Your assignment: A faithful copy of the listing below is needed, one that contains no pictures.

Information supplied:
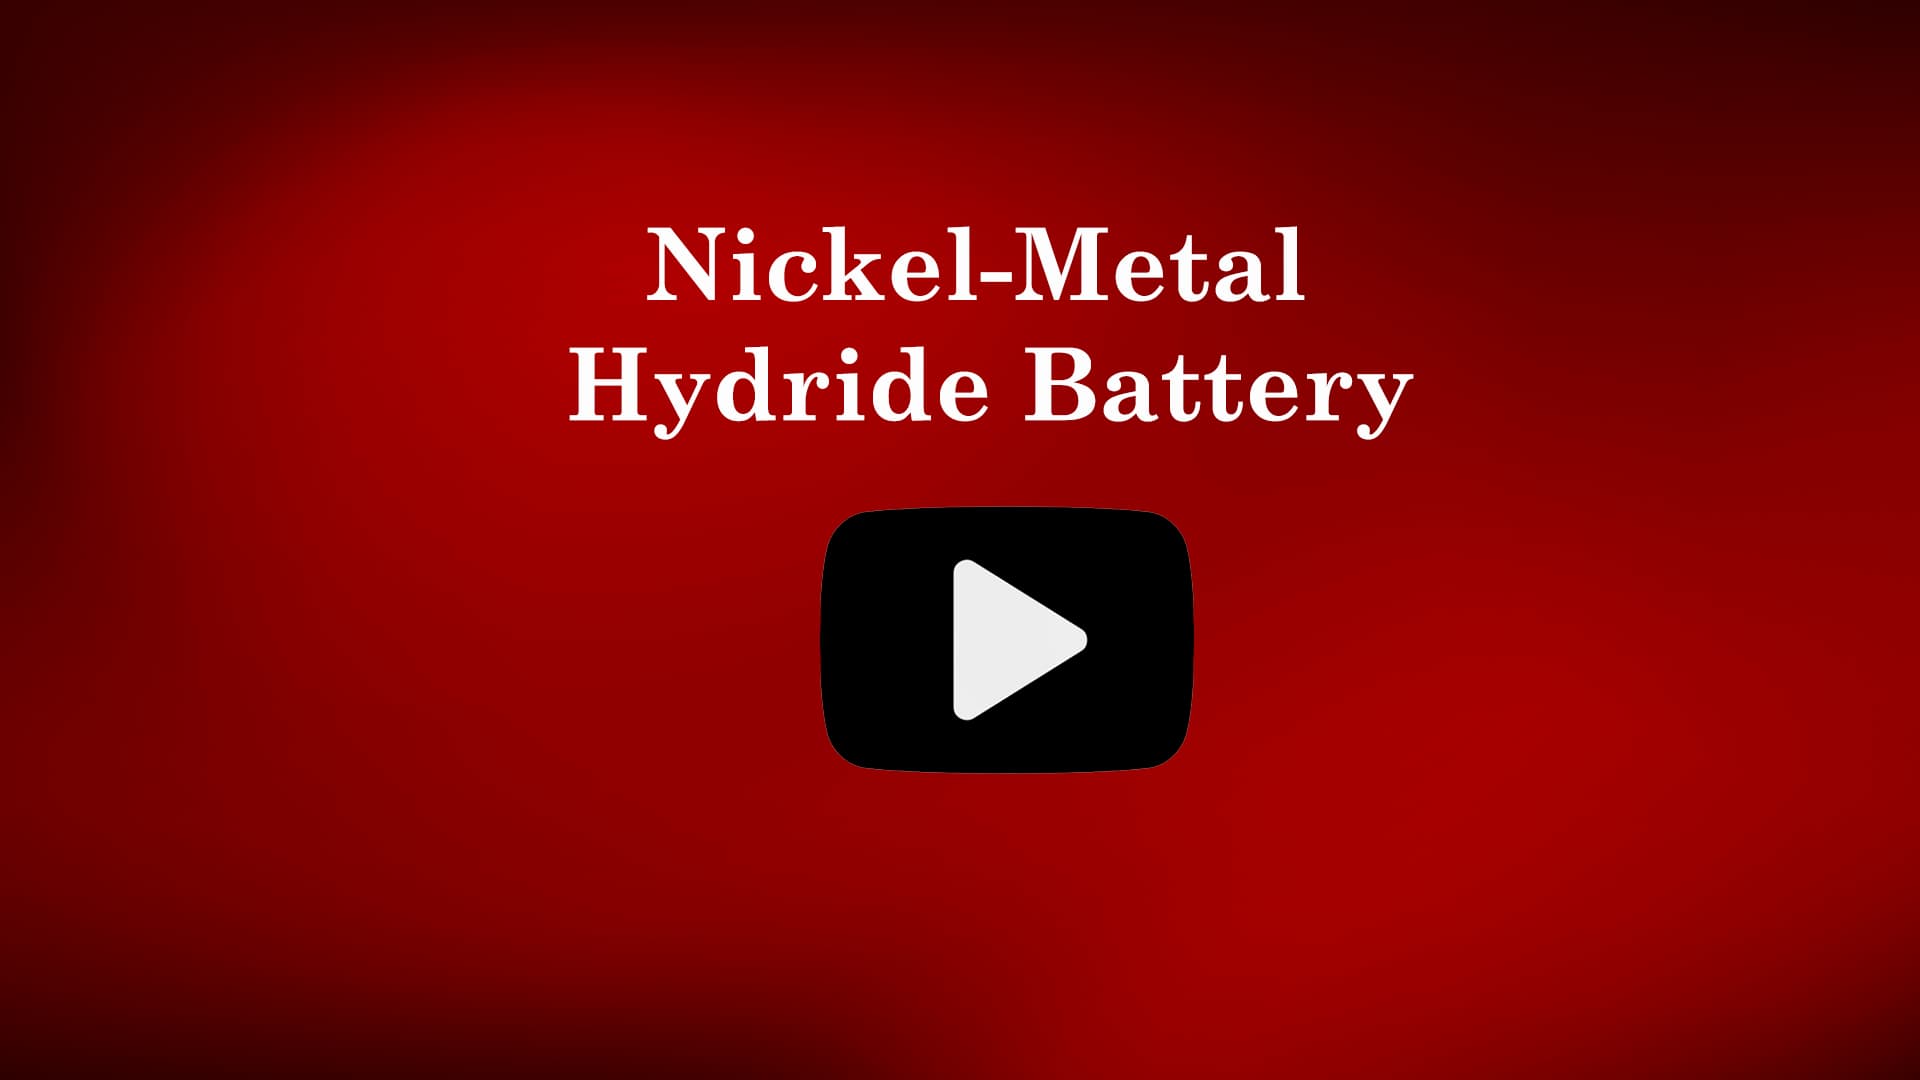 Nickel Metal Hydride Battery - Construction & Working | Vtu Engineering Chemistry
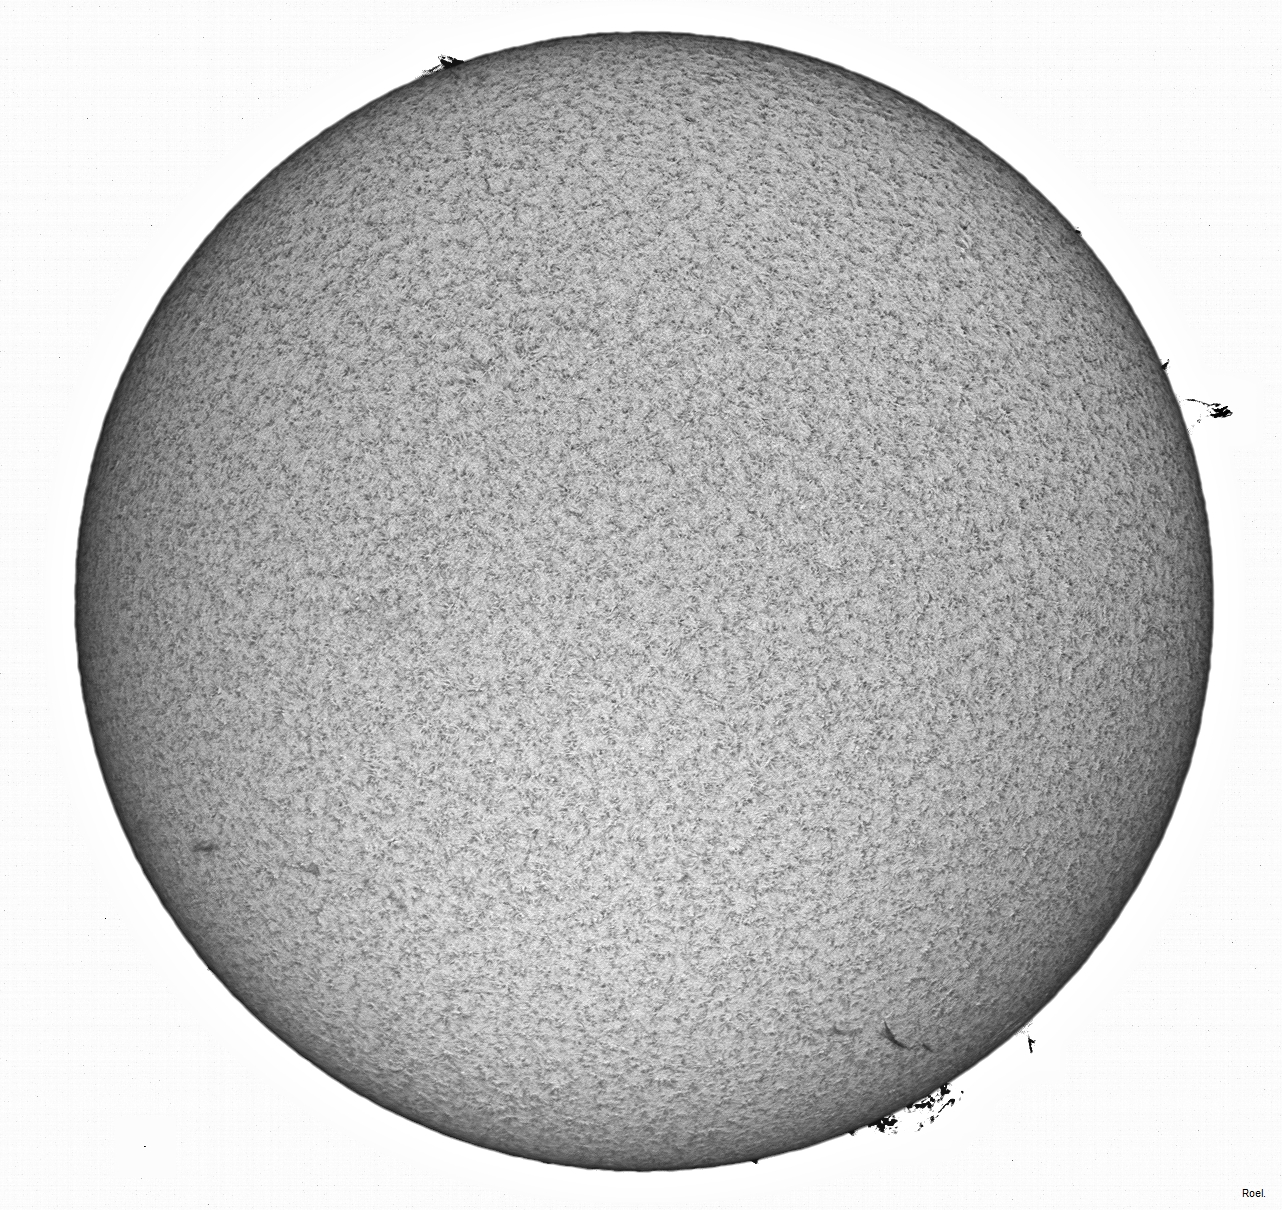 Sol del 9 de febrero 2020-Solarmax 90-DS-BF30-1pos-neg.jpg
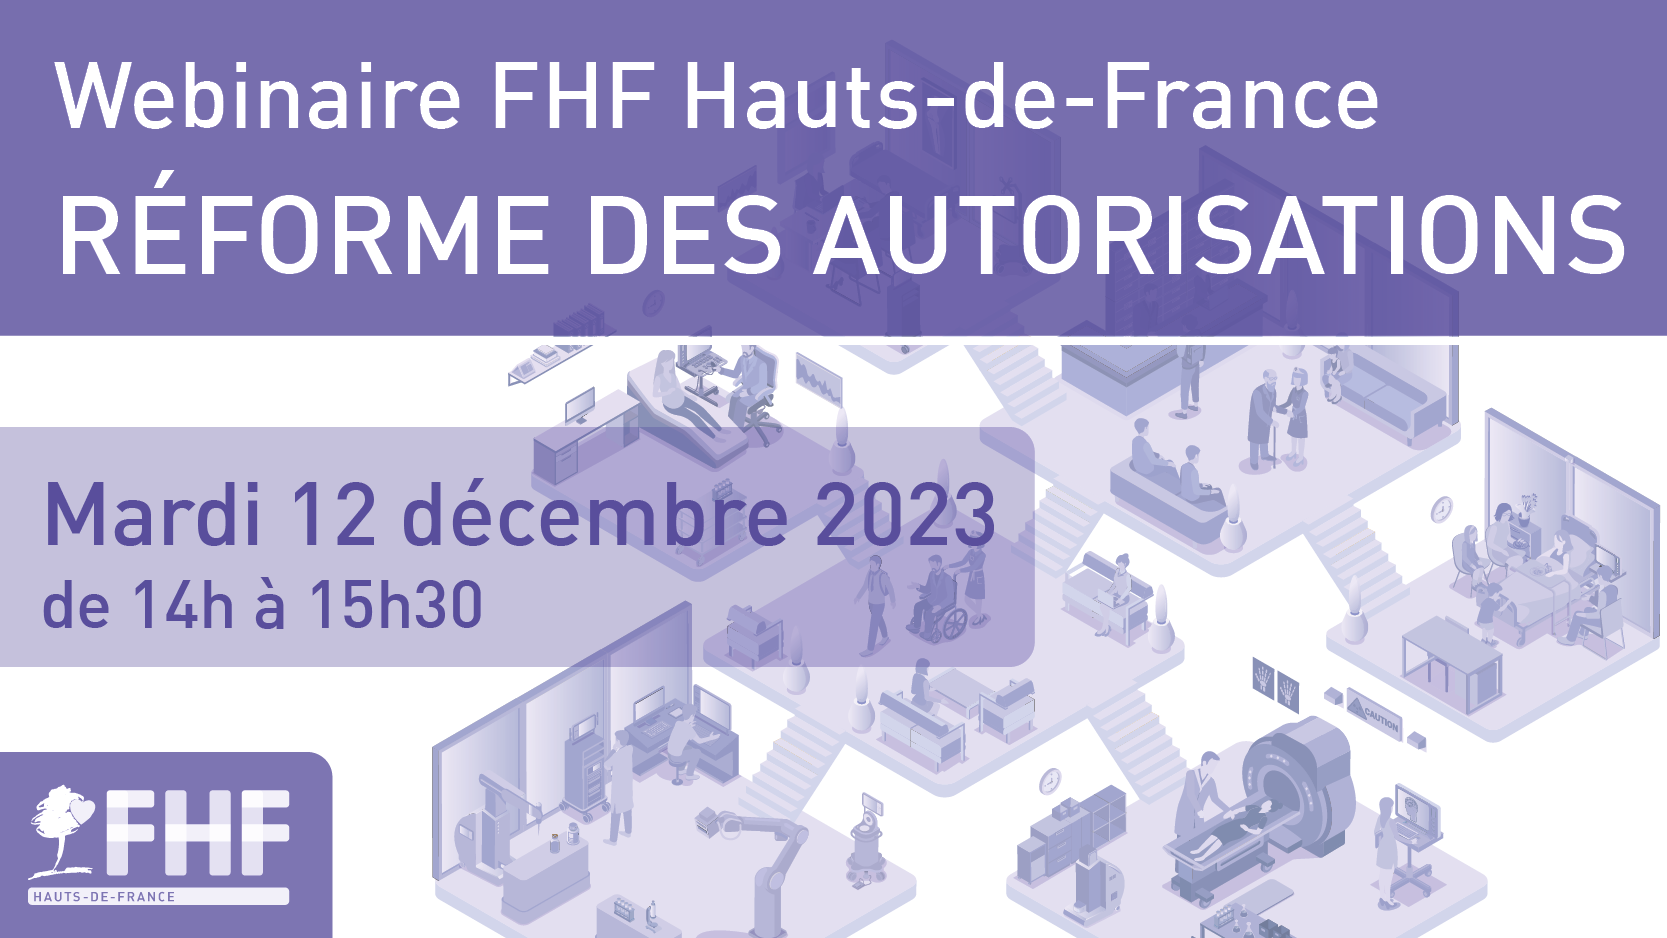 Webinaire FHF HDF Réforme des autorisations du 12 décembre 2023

Solution for this task:
 Nickel Metal Hydride Battery - Construction & Working | Vtu Engineering Chemistry
 Sol del 9 de febrero 2020-Solarmax 90-DS-BF30-1pos-neg.jpg
 Webinaire FHF HDF Réforme des autorisations du 12 décembre 2023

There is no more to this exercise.